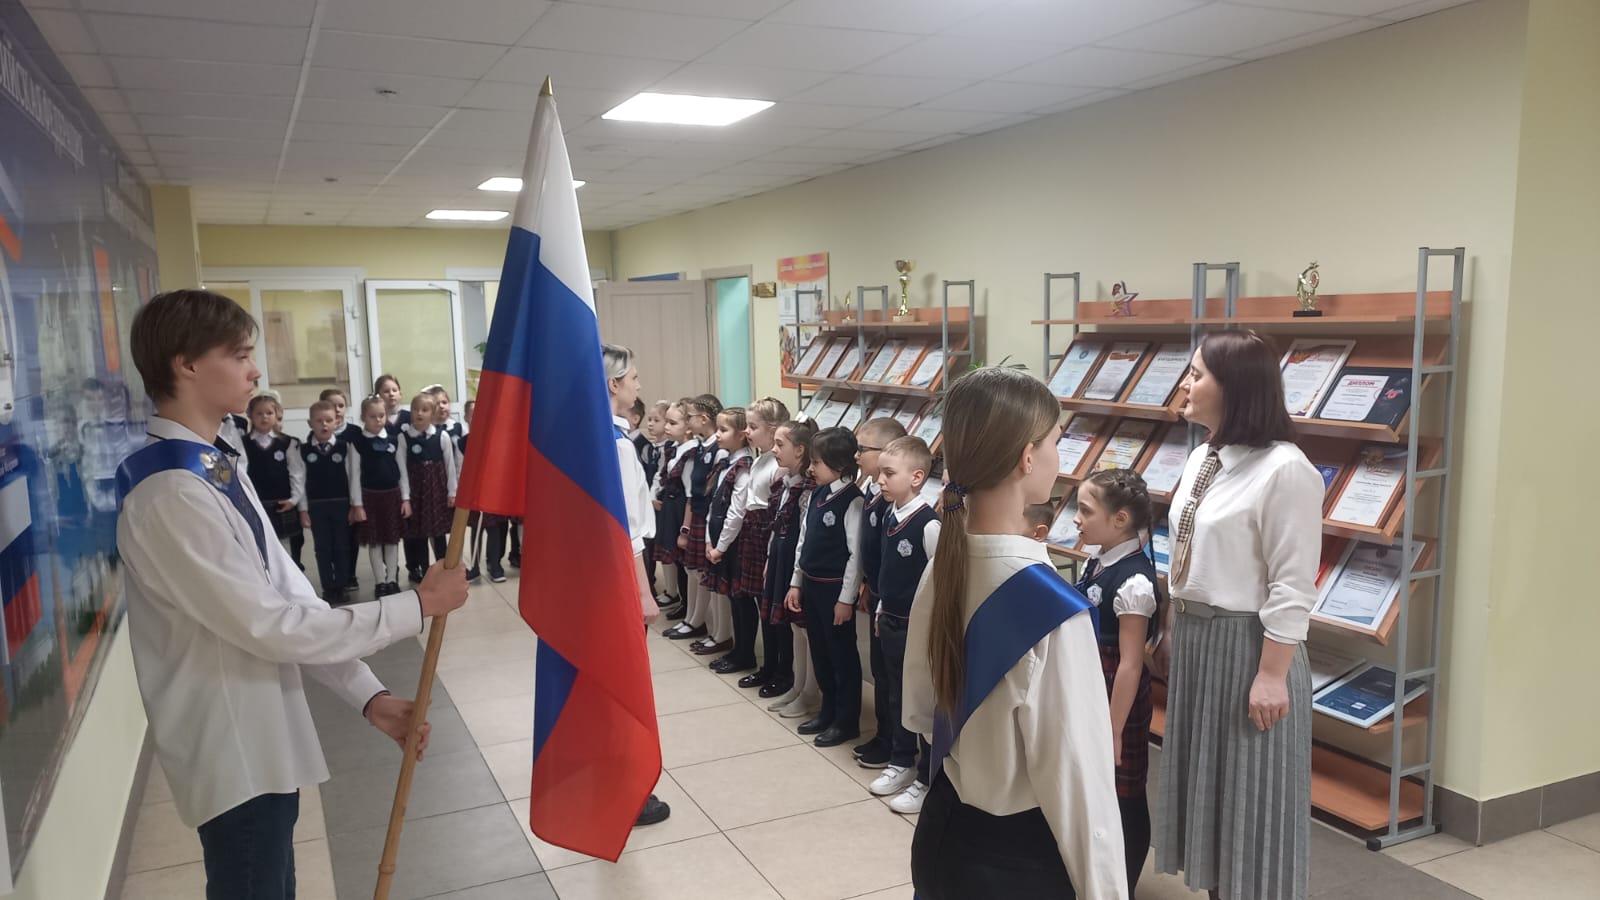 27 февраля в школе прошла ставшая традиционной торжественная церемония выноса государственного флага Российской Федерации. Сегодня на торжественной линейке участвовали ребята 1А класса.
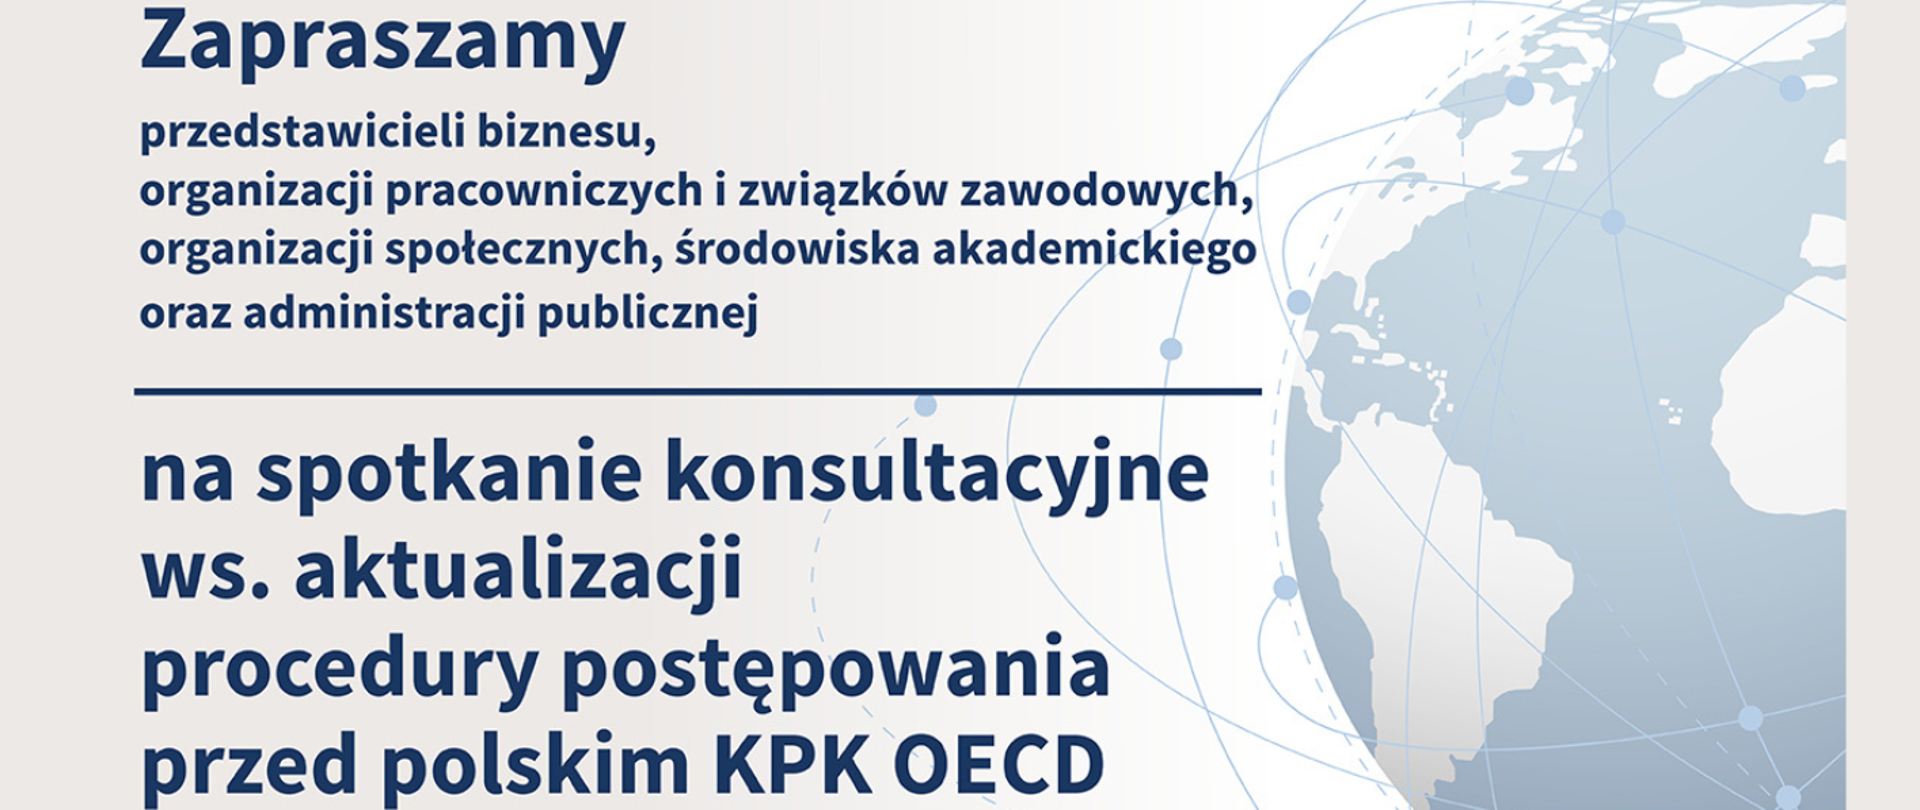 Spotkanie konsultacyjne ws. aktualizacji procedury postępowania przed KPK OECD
★ ★ ★ ★ ★ ★ ★
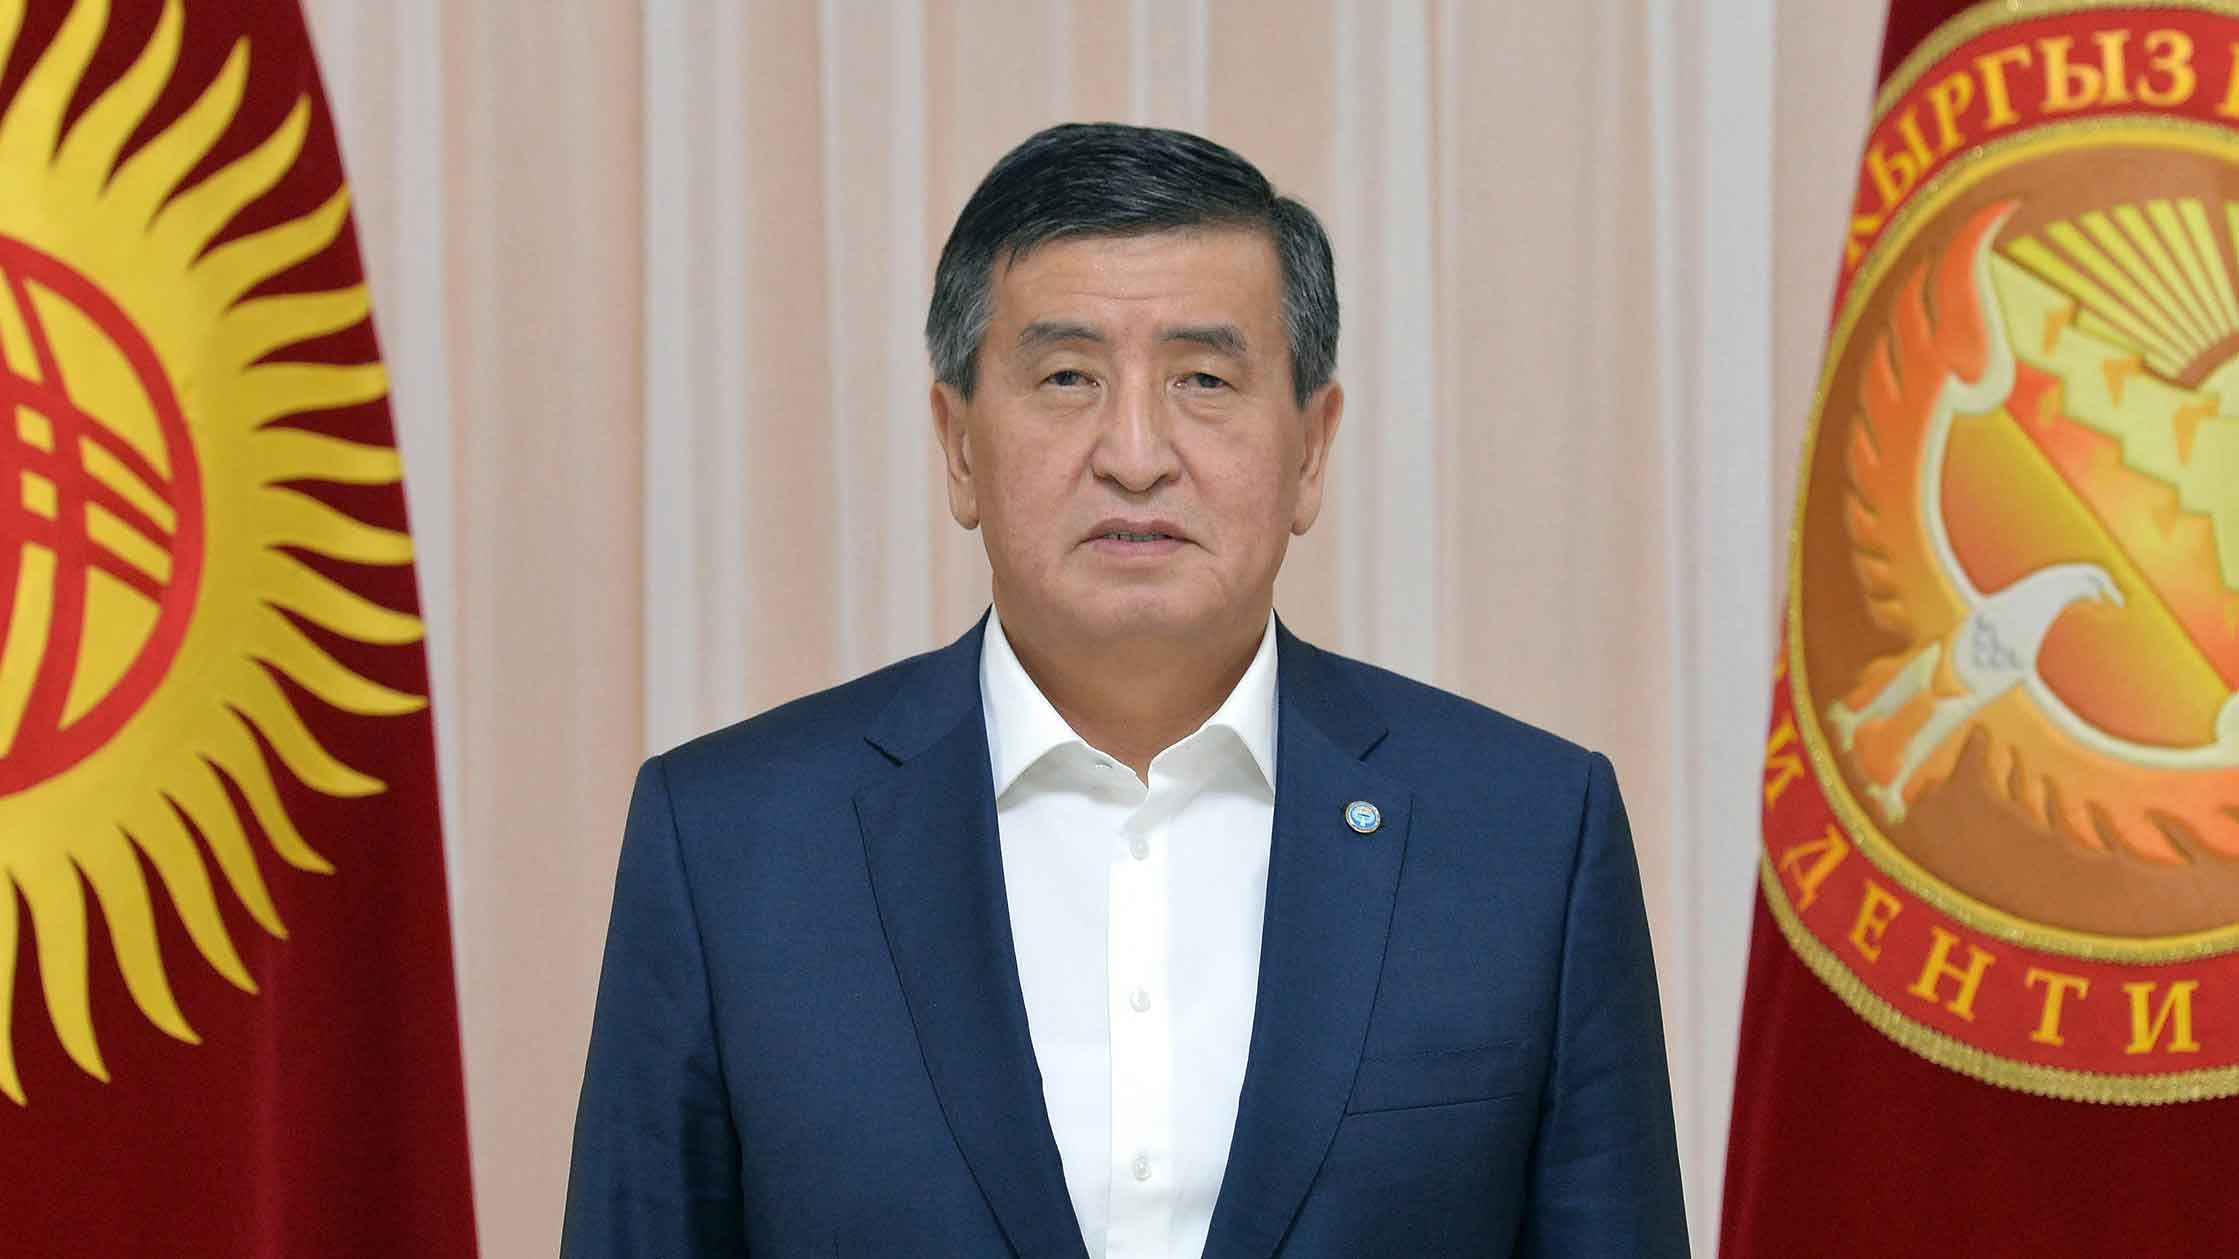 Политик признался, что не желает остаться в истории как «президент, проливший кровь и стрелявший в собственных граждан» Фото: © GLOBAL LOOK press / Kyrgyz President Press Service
★ ★ ★ ★ ★ ★ ★
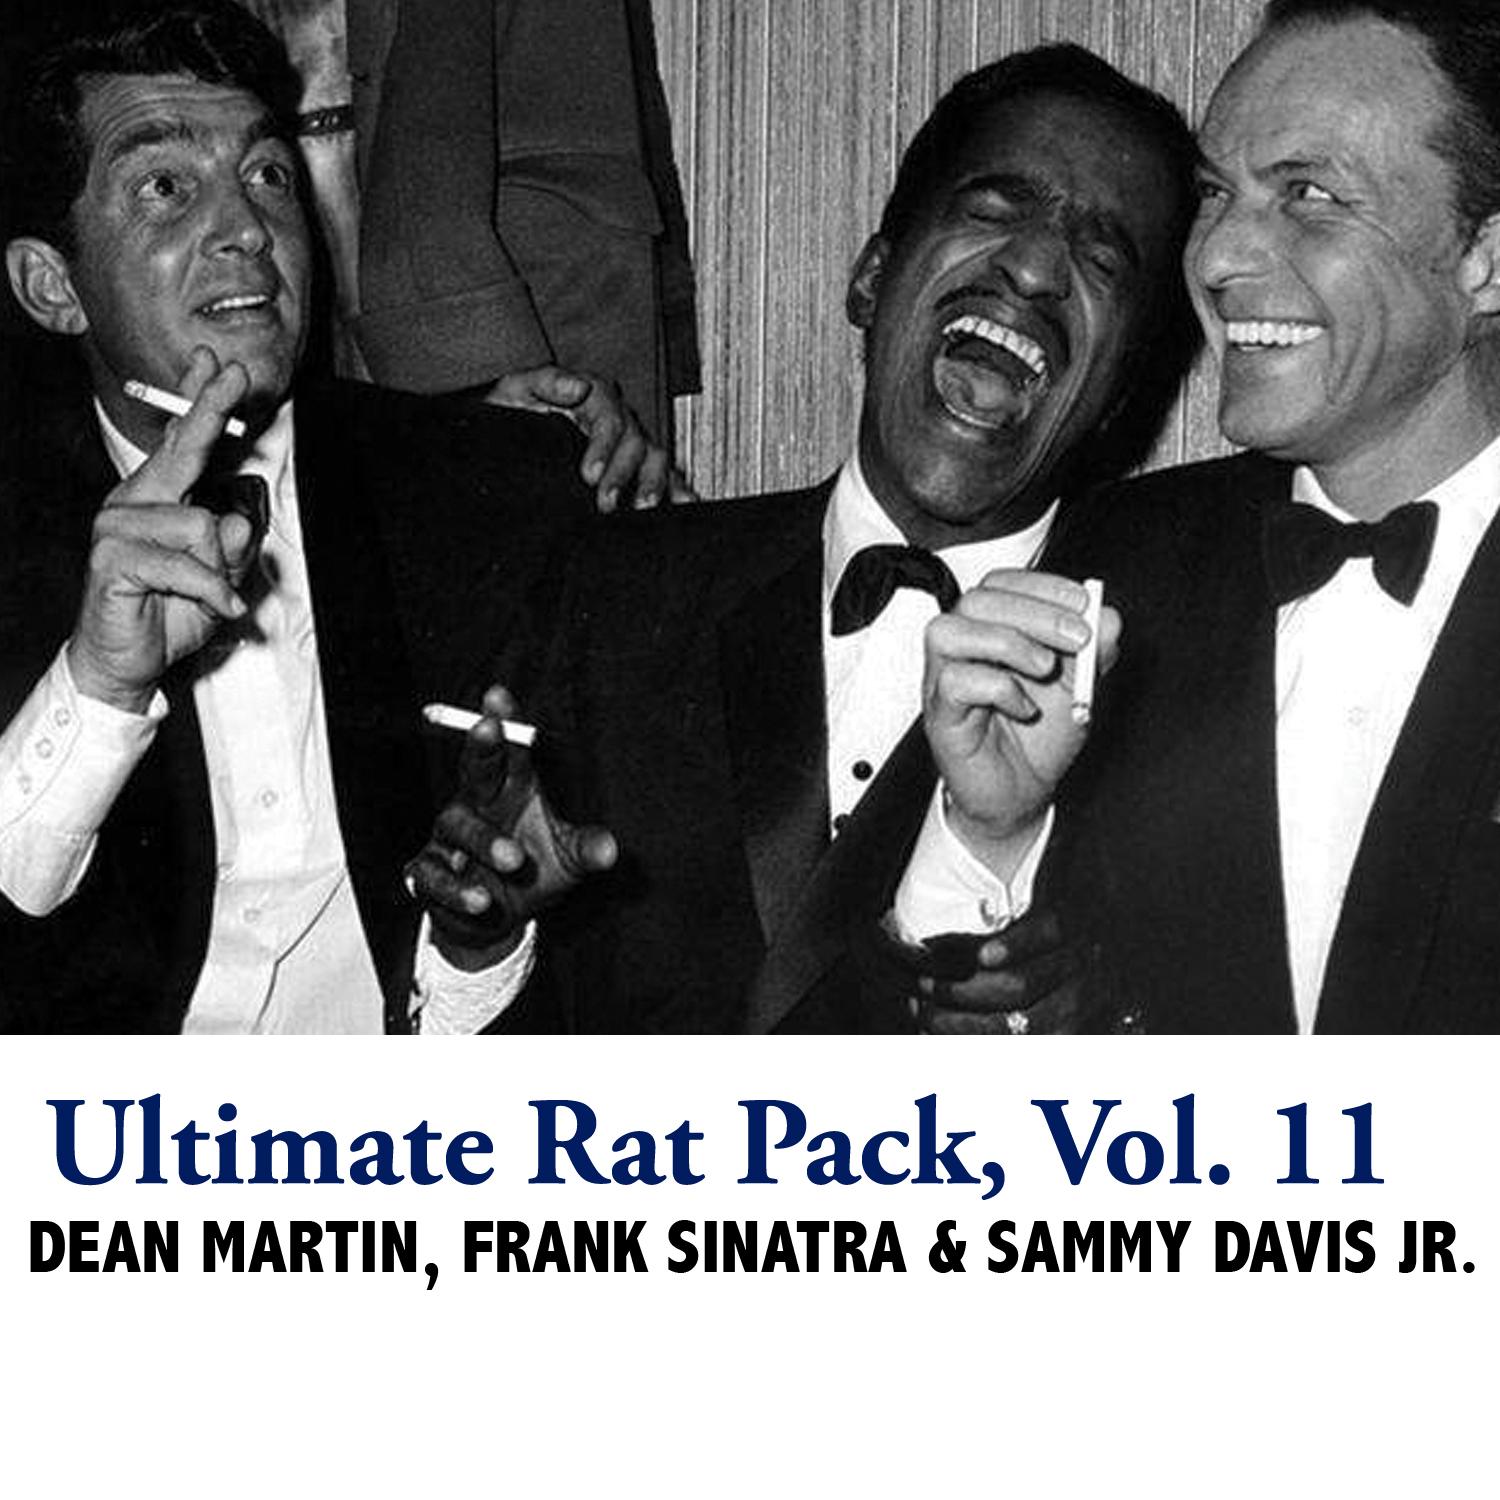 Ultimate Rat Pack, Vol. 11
★ ★ ★ ★ ★ ★ ★
## Exercise directions
Taking the records above, print only and exactly the lines from the line with "27 февраля в" to the line with "Spotkanie konsultacyjne ws.", both kept, and exclude pictures.

## Finished exercise
 27 февраля в школе прошла ставшая традиционной торжественная церемония выноса государственного флага Российской Федерации. Сегодня на торжественной линейке участвовали ребята 1А класса.
 Spotkanie konsultacyjne ws. aktualizacji procedury postępowania przed KPK OECD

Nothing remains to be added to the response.